Aldermore Group’s profit before tax for the six months ended 31st December 2021 has reached £110.1m, 91% higher than the same period last year.

Its business finance net lending also rose to £3.3bn — a £200m increase compared to the first half of 2021 — with growth achieved across all business lines.

However, its retail mortgage net lending dropped by £200m to £7.1bn, as growth in owner-occupied was offset by high levels of redemptions in BTL, driven by an expected increase in five-year fixed-rate product maturities.

Overall, the group net lending increased by 3% compared to the first six months of 2021, reaching £13.9bn.

Total customer deposits rose by 5% to £13.1bn (30 June 2021: £12.4bn), with the majority of growth in personal savings, as the group sought to optimise deposit mix while actively responding to market and customer demand.

In addition, the group has seen its customer base grow to 690,000 in the last six months.

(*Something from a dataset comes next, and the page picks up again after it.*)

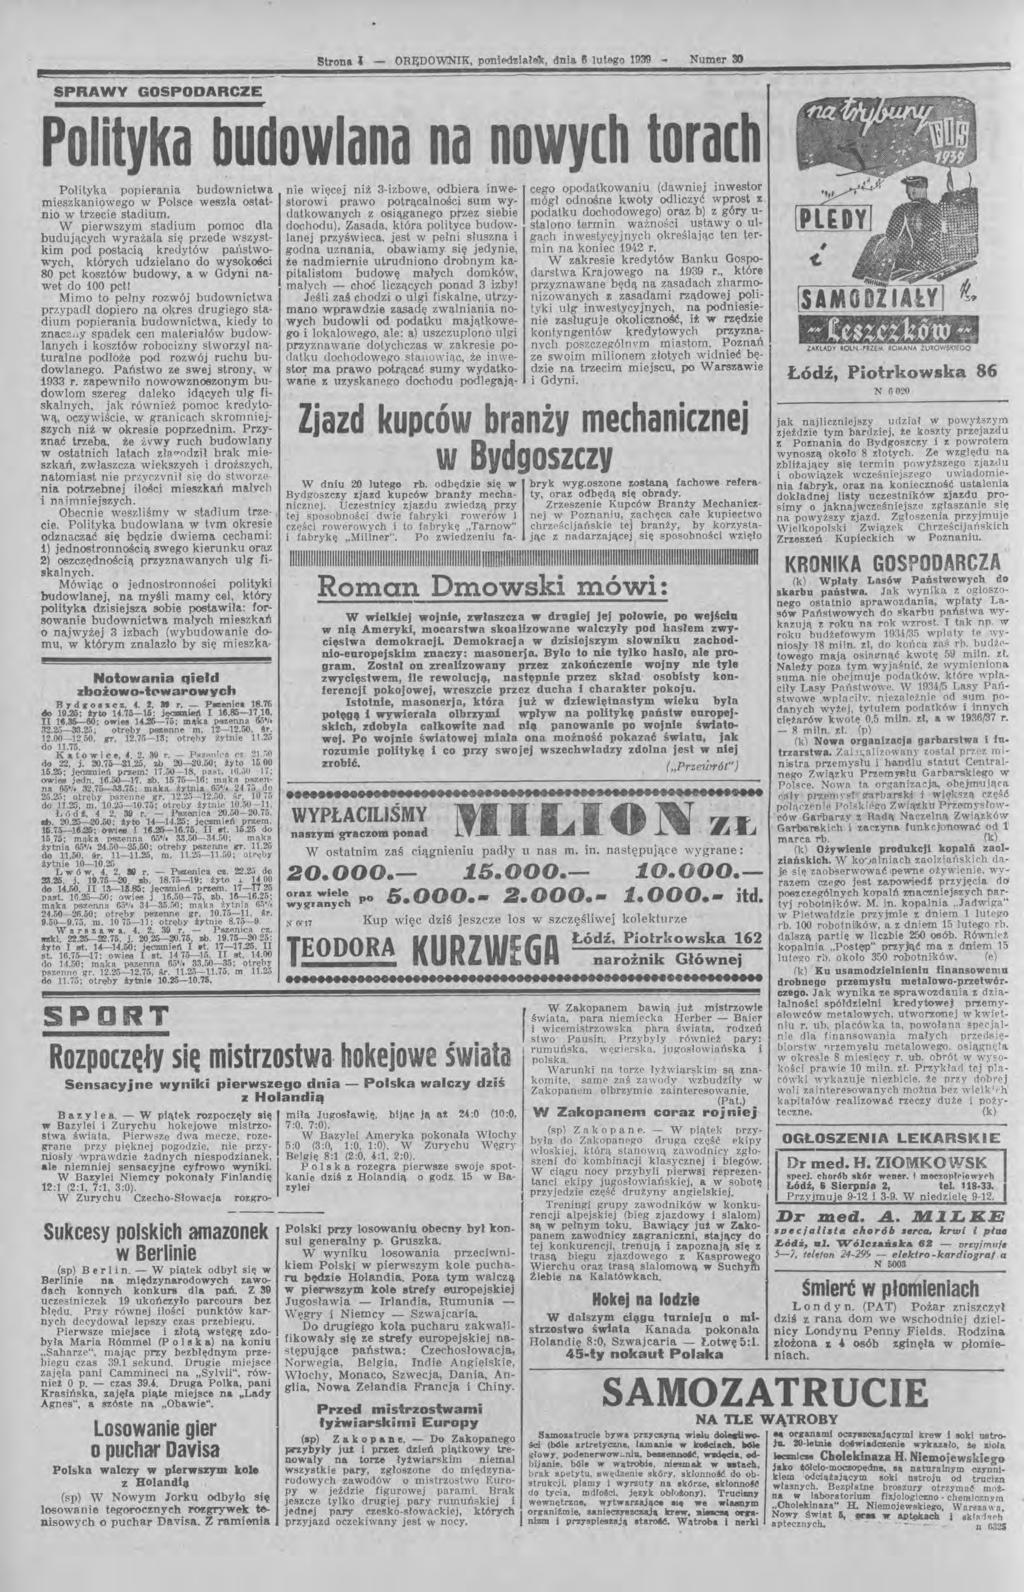 L Strona - ORĘDOWNK, ponioo'liale'k, dnia 6 lutego 1939 - Numer tł) SPRAlMY GOSPODARCZE Polityka budowlana na nowych torach Polityka popierania budownictwa mieszkaniąwego w Polsce weszła ostatnio w
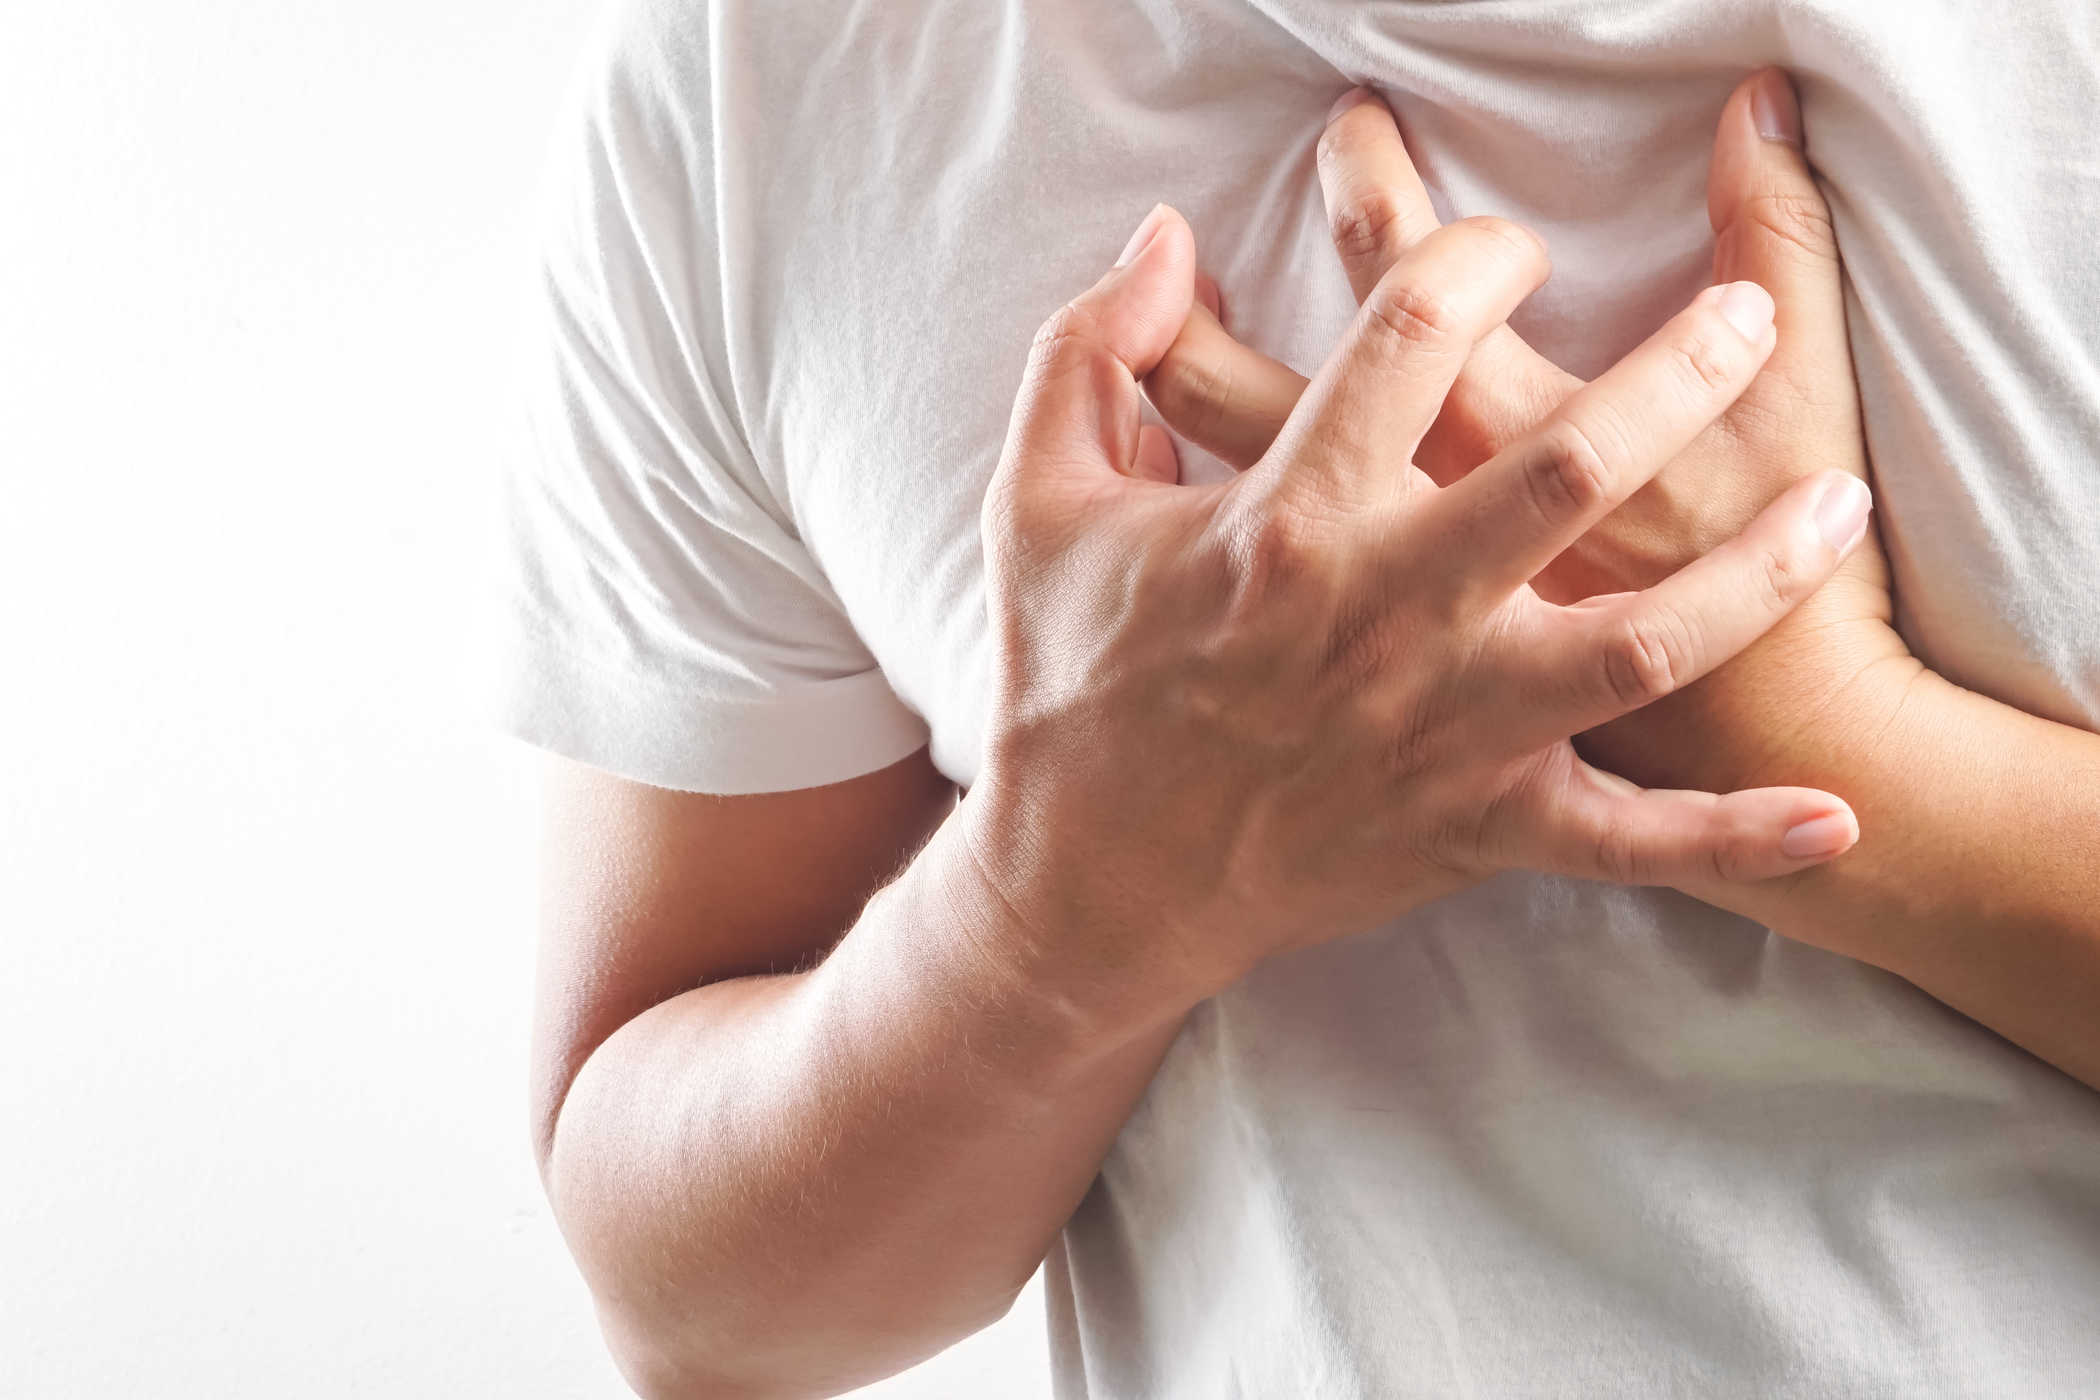   Bị đau ngực là bệnh gì và có nguy hiểm không?

Steven Cooper, CEO at Aldermore Group (pictured above) said: “Despite ongoing macroeconomic uncertainty, I’m pleased with our performance and the momentum on which we can build. 

“We continue our focus on helping UK businesses and have seen growth in demand for specialist finance across all our SME product areas. 

“Within retail mortgages, there was steady growth in the owner-occupied book and BTL achieved record levels of product switches. 

“Through improvements in our operational capacity, we’ve driven increases in the pipeline, leaving us well positioned for the second half of the year. 

“We have responded quickly to market changes and customer demand to deliver consistent choice and competitive products for savers. 

“The growth in our deposits demonstrates the success of our customer-focused offering and the stability of our funding model to support our growing lending portfolio.

“Looking ahead, we are confident in our ability to build on this momentum, making use of our financial strength, business expertise and first-class products and services to back our customers through the current challenging economic environment and beyond.”